[WHAT TO WORK ON]:
In the entries below, begin at the line with "A red AIDS ribbon" and stop after the line with "Waterproof Bed Cover"; output those lines exactly and omit the pictures.

##### GIVEN RECORDS

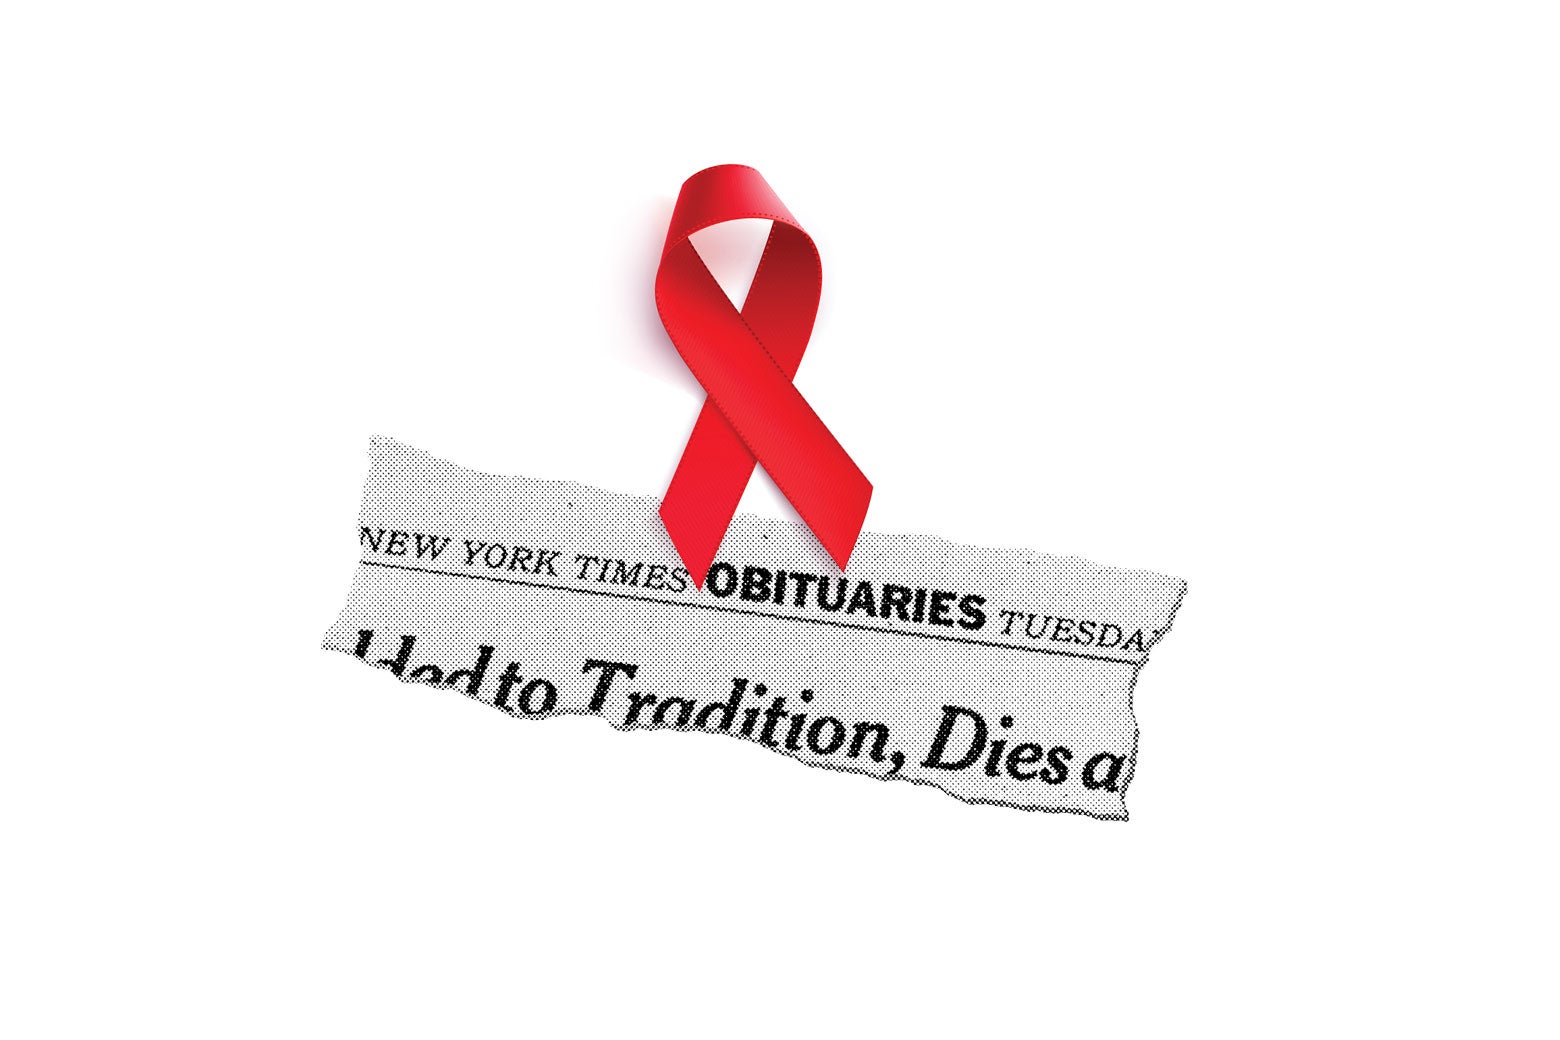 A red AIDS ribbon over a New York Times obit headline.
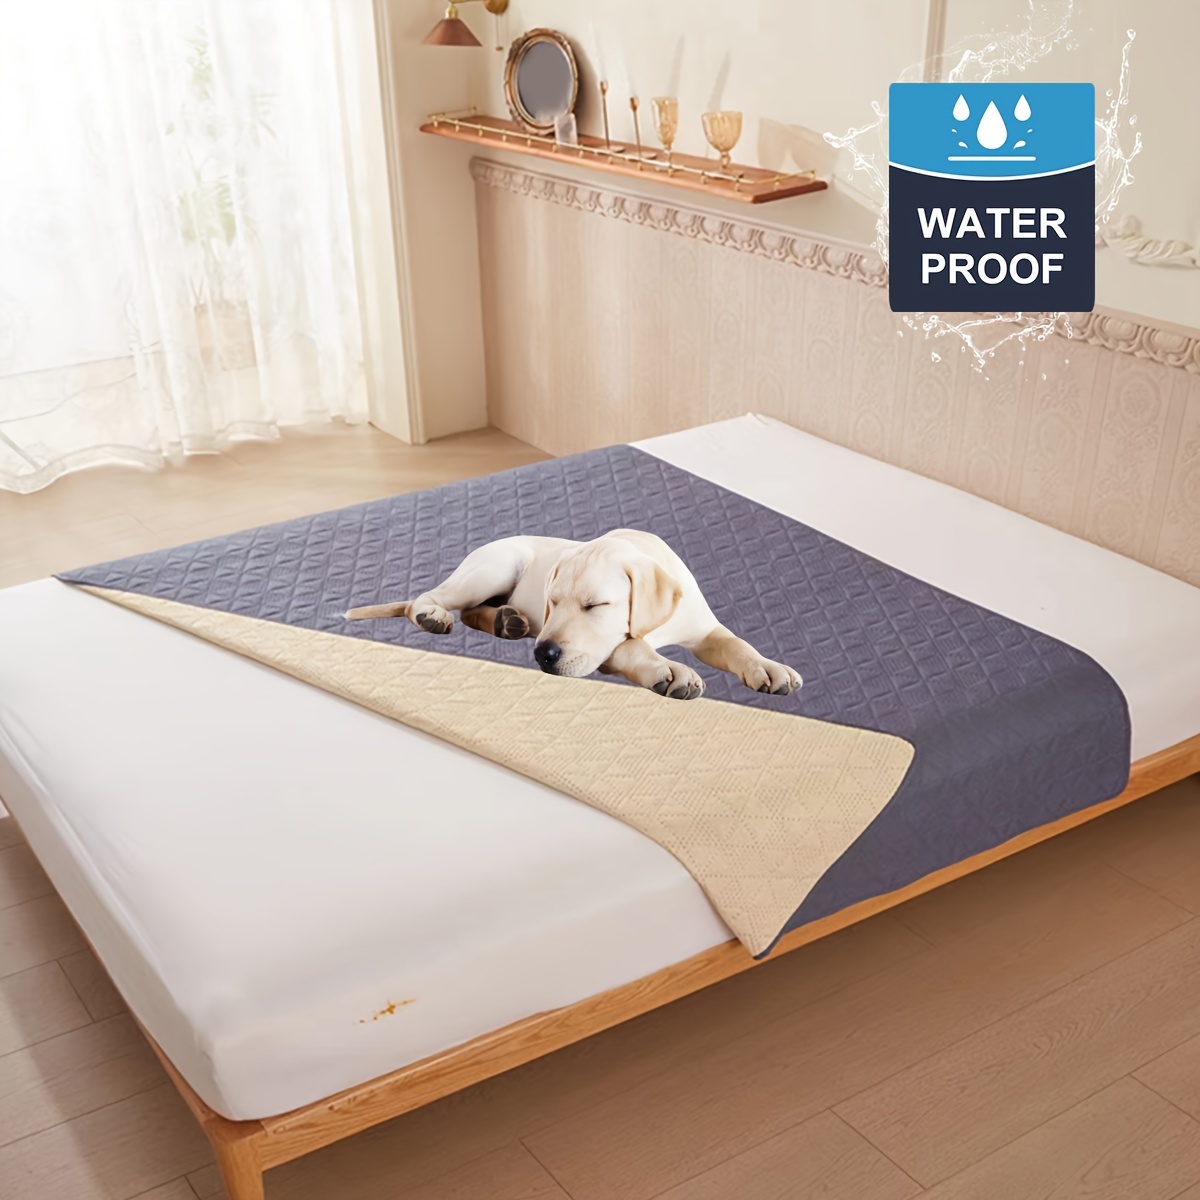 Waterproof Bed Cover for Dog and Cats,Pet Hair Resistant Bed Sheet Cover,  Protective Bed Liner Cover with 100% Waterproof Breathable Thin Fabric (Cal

##########
##### GIVEN RECORDS

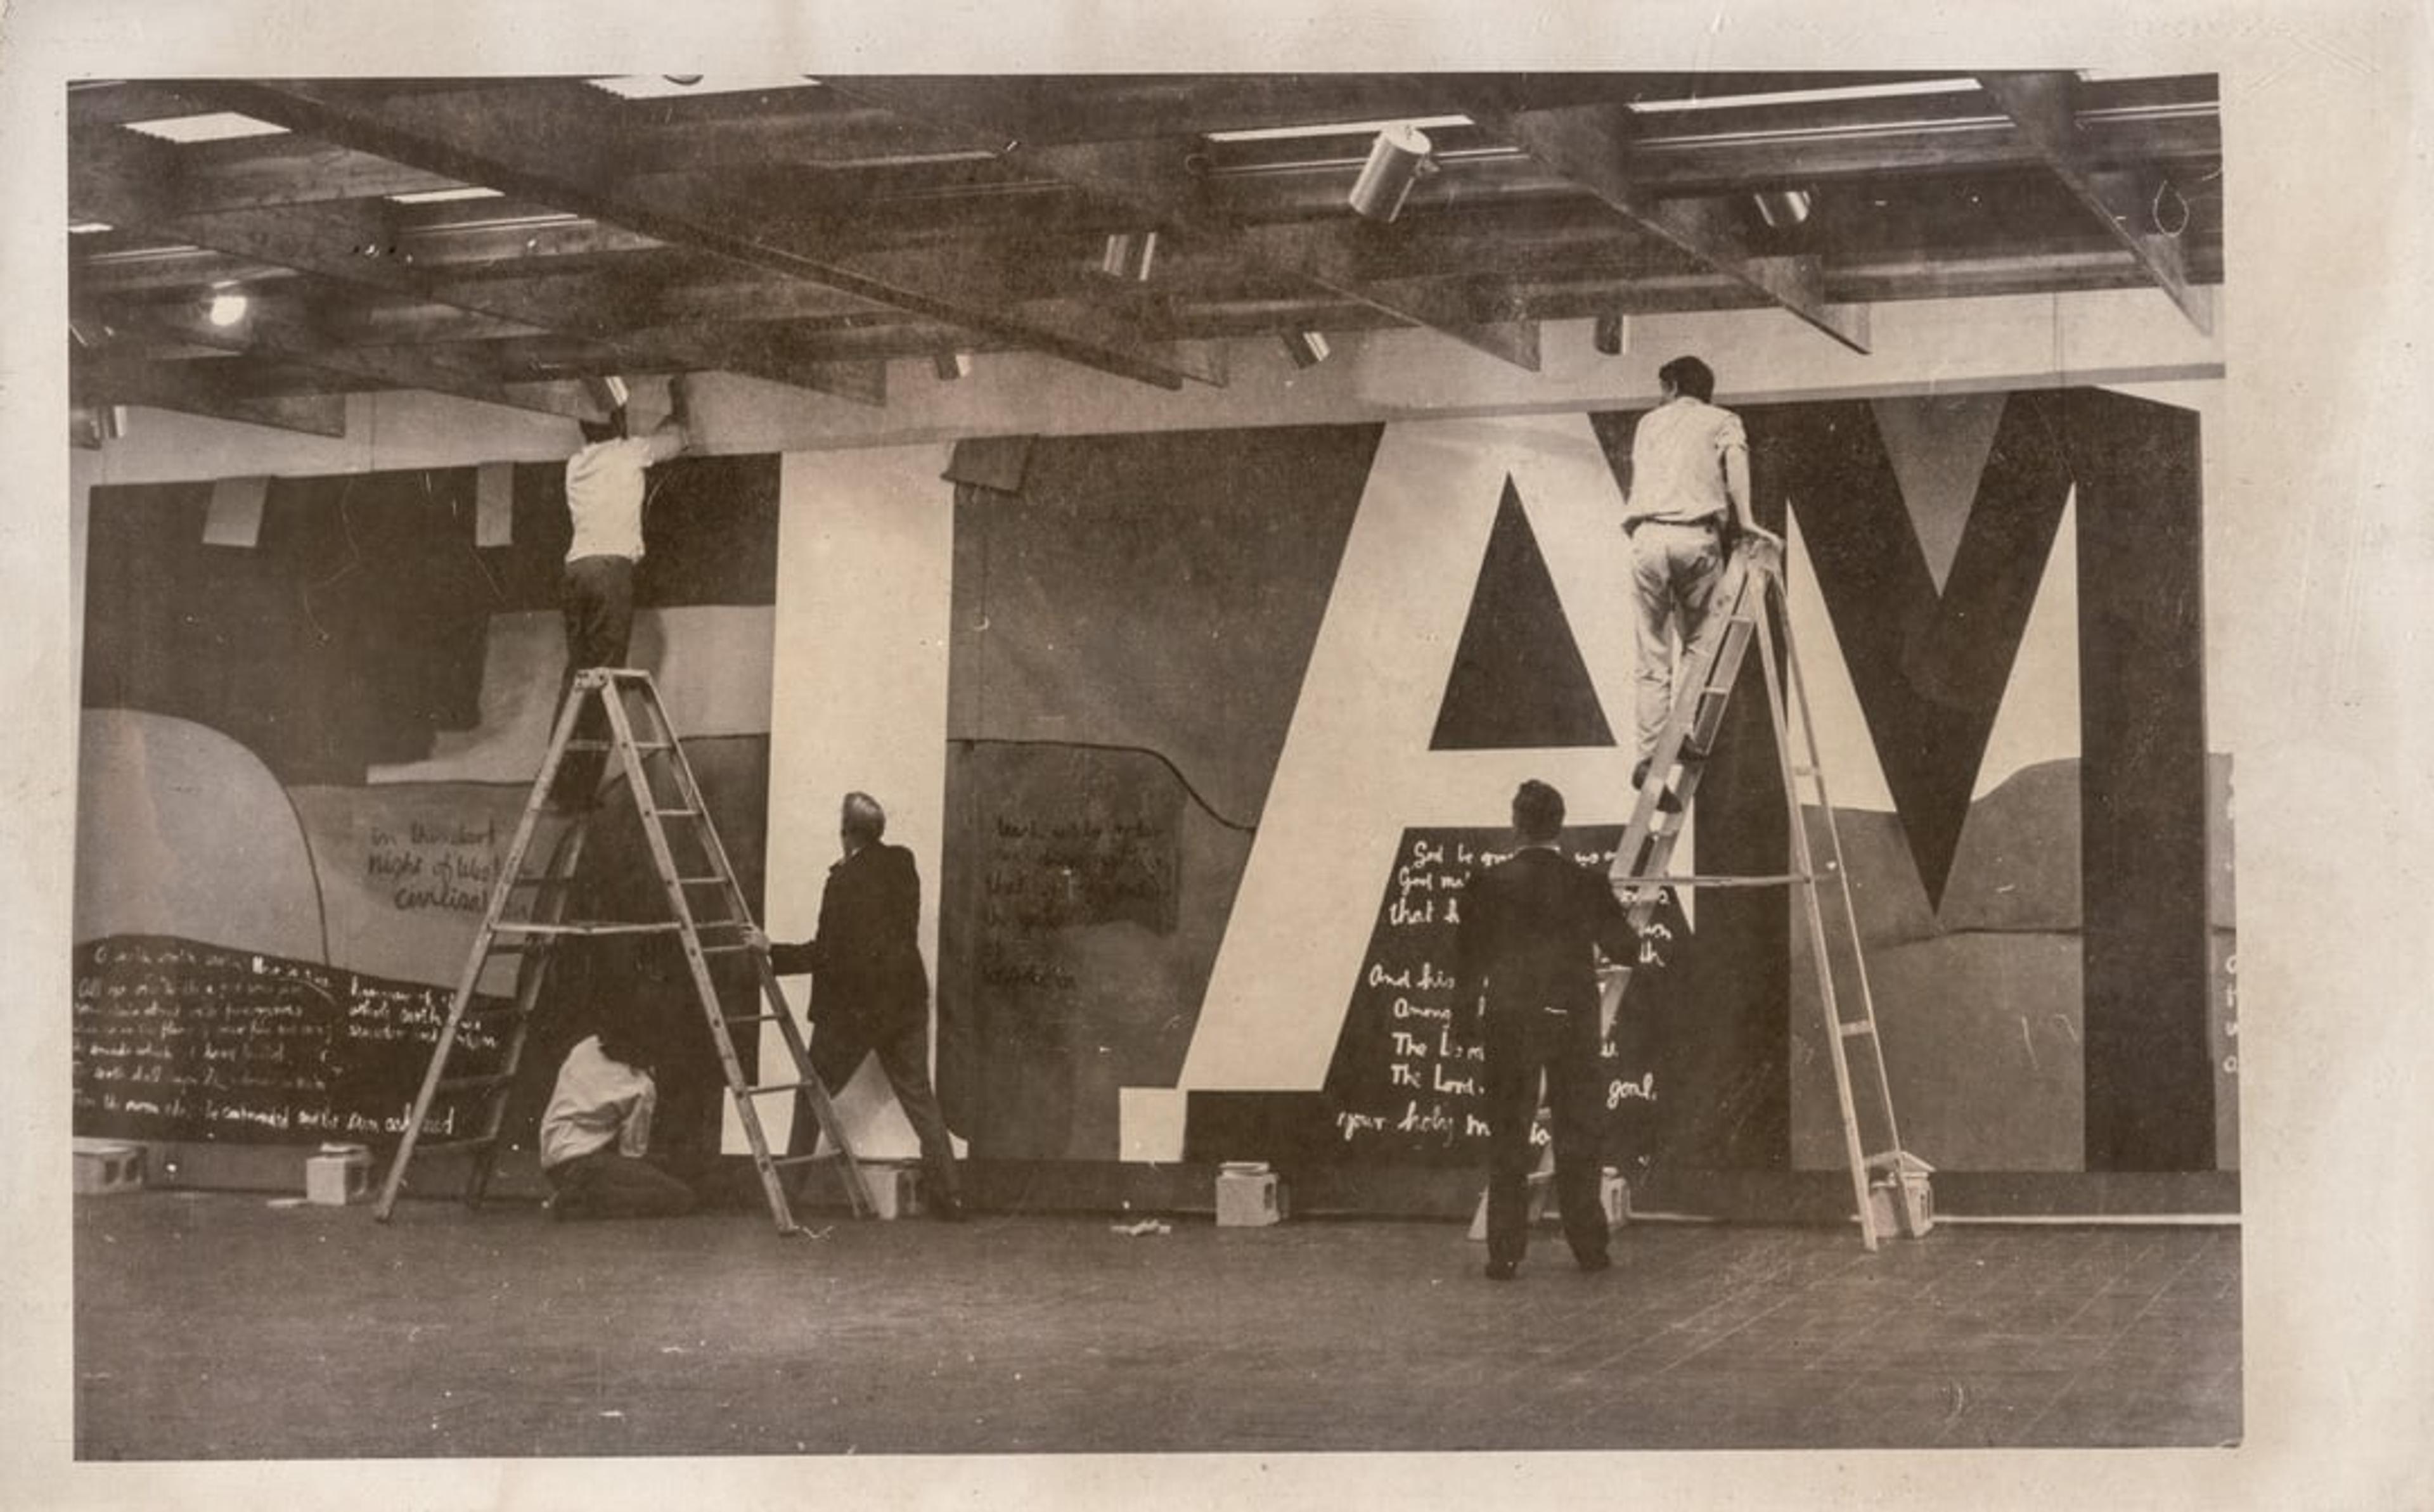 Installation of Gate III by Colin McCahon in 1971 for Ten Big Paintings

##########
##### GIVEN RECORDS

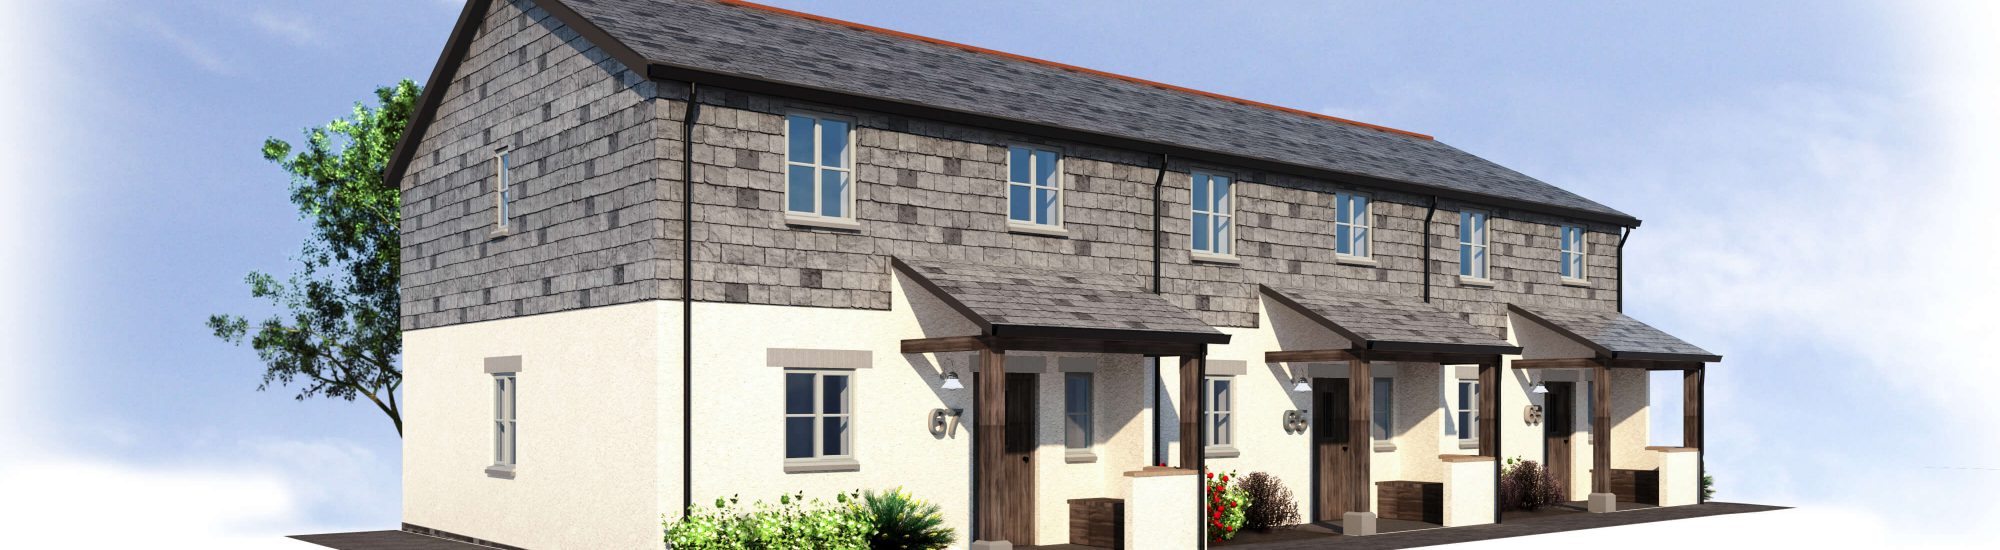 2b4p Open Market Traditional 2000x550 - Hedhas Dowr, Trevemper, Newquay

##########

[WRITTEN REPLY]:
 A red AIDS ribbon over a New York Times obit headline.
 Waterproof Bed Cover for Dog and Cats,Pet Hair Resistant Bed Sheet Cover,  Protective Bed Liner Cover with 100% Waterproof Breathable Thin Fabric (Cal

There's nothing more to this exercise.